However, the point is that heat death is not itself, literally, the end of the universe. Nevertheless, if the fundamental particles have finite life-spans, no matter how long, the universe as a whole will eventually experience heat death and then, some time later, go out of existence entirely.*
Nothing is coming. And nothing can come from nothing. As Heidegger put it, “The Nothing Nothings.” So, once there is nothing, the conventional wisdom goes, there can’t ever be anything again.

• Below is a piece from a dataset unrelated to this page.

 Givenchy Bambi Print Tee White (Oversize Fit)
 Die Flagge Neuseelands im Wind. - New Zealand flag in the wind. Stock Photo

If there being nothing is easier, or more likely, than there being something, and if there has ever been nothing – even for one zeptosecond (the shortest length of time ever measured, 10^-21) – and if it’s true that there can’t be something after that, how did we all end up in this brief flash of something? Luck? Anthropic principle (we could only be in a universe where there is something…)? Or God?
You know the trouble with God, of course – I mean in this particular situation, at least. What good is it to explain why there is something by reference to God when explaining why (how?) God came into existence is, if anything, harder since God is causally more opaque and more complicated than, well, everything?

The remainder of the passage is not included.